I have to apply the method of variation of parameters to find a particular solution of the following system: $x' = A\vec x + \vec f(t)$ for
$$ A = \begin{bmatrix}
2 & -4 \\
1 & -2 \\
\end{bmatrix}
$$
and
$$ \vec f(t) = \begin{bmatrix}
\ln t \\
t\\
\end{bmatrix}
$$
To begin, we have to find the associated fundamental matrix, $\Phi (t)$. We calculate $\Phi (t)$ as follows:
$$det(\lambda I – A) = \begin{bmatrix}
\lambda – 2 & -4 \\
1 & \lambda + 2 \\
\end{bmatrix}$$
which yields the characteristic equation $(\lambda ^ 2 – 4) + 4 = \lambda ^2$; an eigenvalue of 0 with a defect of 1. The only eigenvector we have is that which corresponds to $\lambda = 0$, more specifically, $ \vec v_0 = [1 \quad \frac{1}{2}]^T$. To accommodate this defect, we seek out a length two chain, $(\vec v_1, \vec v_2)$, where each vector is linearly independent and the first lies in the eigenspace of $\vec v_0$. We find $\vec v_2$ by solving for $(A – \lambda I)^2 \vec v_2 = (A)^2 \vec v_2 = \vec 0$. $A^2$ is simply
$$\begin{bmatrix}
0 & 0 \\
0 & 0 \\
\end{bmatrix}$$
so we can choose any arbitrary $\vec v_2$, so I chose $v_2 = [1 \quad 0]^T$. We now find $\vec v_1$ by computing $(A – \lambda I)\vec v_2 = A \vec v_2 = \vec v_1$, which is
$$\vec v_1 = \begin{bmatrix}
2\\
1\\
\end{bmatrix}$$
which does indeed lie in the eigenspace of $\vec v_0$ ($\vec v_1 = 2 * \vec v_0$). We know that our solutions to the linear system will be of the form:
$$x_1 = \vec v_1 e^{\lambda t} = \vec v_1$$
$$x_2 = (\vec v_1 t + \vec v_2)e^{\lambda t} = \vec v_1 t + \vec v_2$$
Thus, the column vectors of our fundamental matrix are $x_1$ and $x_2$, so we conclude
$$\Phi (t) = \begin{bmatrix}
2 & 2t+1 \\
1 & t \\
\end{bmatrix}$$
Did I mess up anywhere? Because I don't seem to be coming out with the correct answer. To find the particular solution, I then proceed to calculate $$x_p (t) = \Phi (t) \int_1^t {\Phi (t) }^{-1} f(t) dt$$ (provided that $x_p (a) = \vec 0$).
Best Answer
This sounds like a homework question, but you may or may not be aware of a cheat which has been used in systems theory for many years. In this case the equation $$\dot{x}(t) = Ax(t) + B(t)u(t),\ t\in[t,t_0]$$ is always solved by $$x(t) = e^{A(t-t_0)}x(t_0)+\int_{t_0}^te^{A(t-\tau)}B(\tau)u(\tau)\ d\tau,$$ for any time-invariant matrix $A$. If $A$ is diagonalizable, as is true in your case, then $$e^{At} = V \Lambda(t) V^{-1}$$ where $V$ is a matrix of the eigenvectors and $\Lambda$ is a diagonal matrix whose $i$th diagonal entry is $e^{\lambda_it}$, the eigenvalue for the $i$th eigenvector.

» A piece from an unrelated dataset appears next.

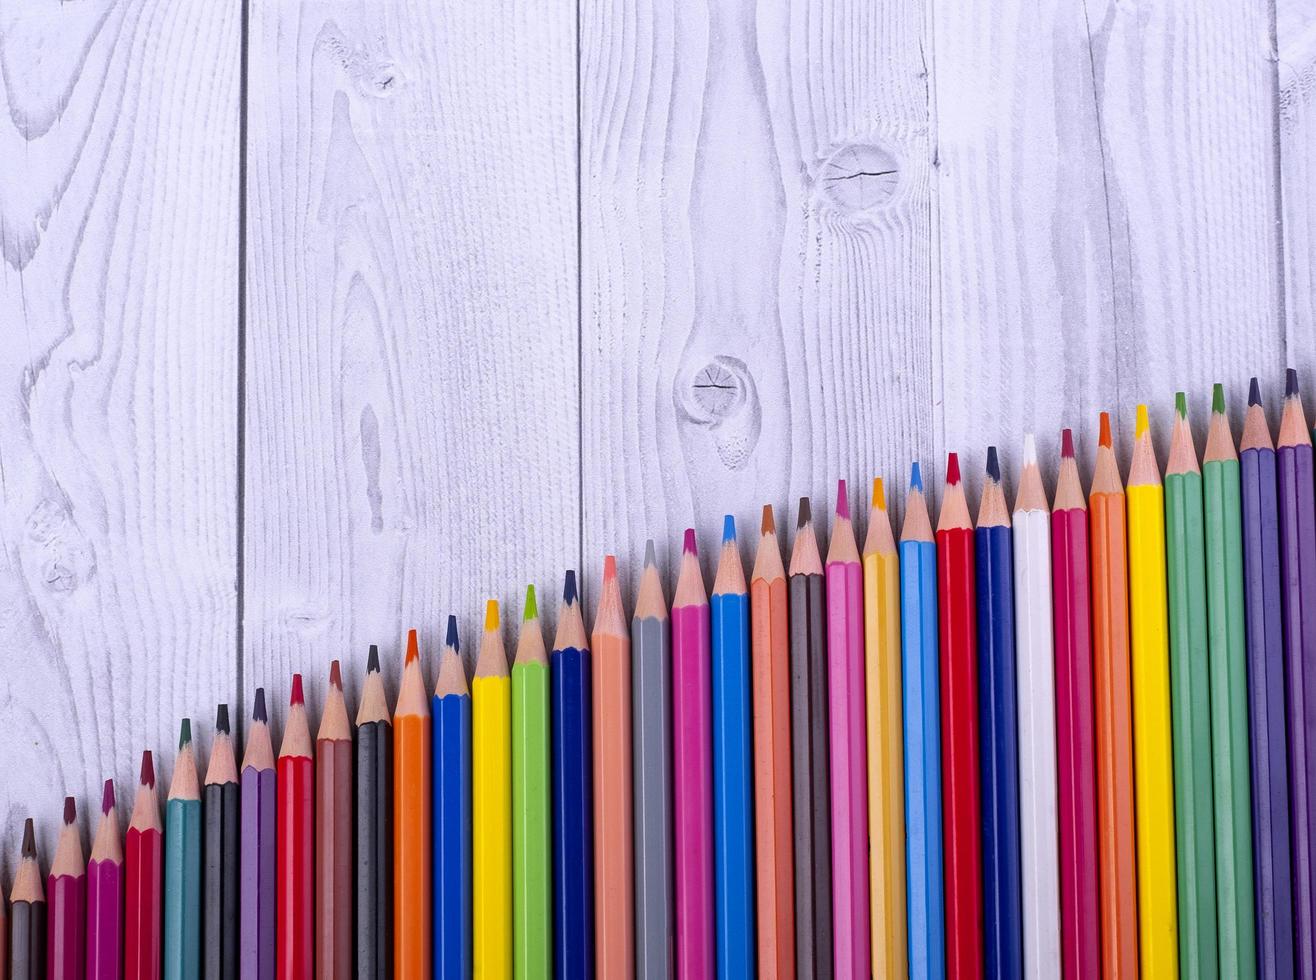 matite colorate in legno, disposte a forma di scala, su fondo grigio e bianco. concetto di educazione. foto

In a more general case you can get $e^{At}$ through any one of a number of methods, though my favorite (and a very useful one) is the inverse Laplace transform of the resolvant: $$e^{At} = \mathcal{L}^{-1}(sI-A)^{-1}.$$ Furthermore you'll notice that the fundamental matrix here is exactly $\Phi(t) = e^{At}$, which is true for any constant $A$, and the state transition matrix is $\Psi(t,\tau) = e^{A(t-\tau)} = \Phi(t)\Phi(\tau)^{-1},$ as should be expected. You can thus verify your answer for $\Phi$ by cross checking it with another method of calculating or approximating $e^{At}$.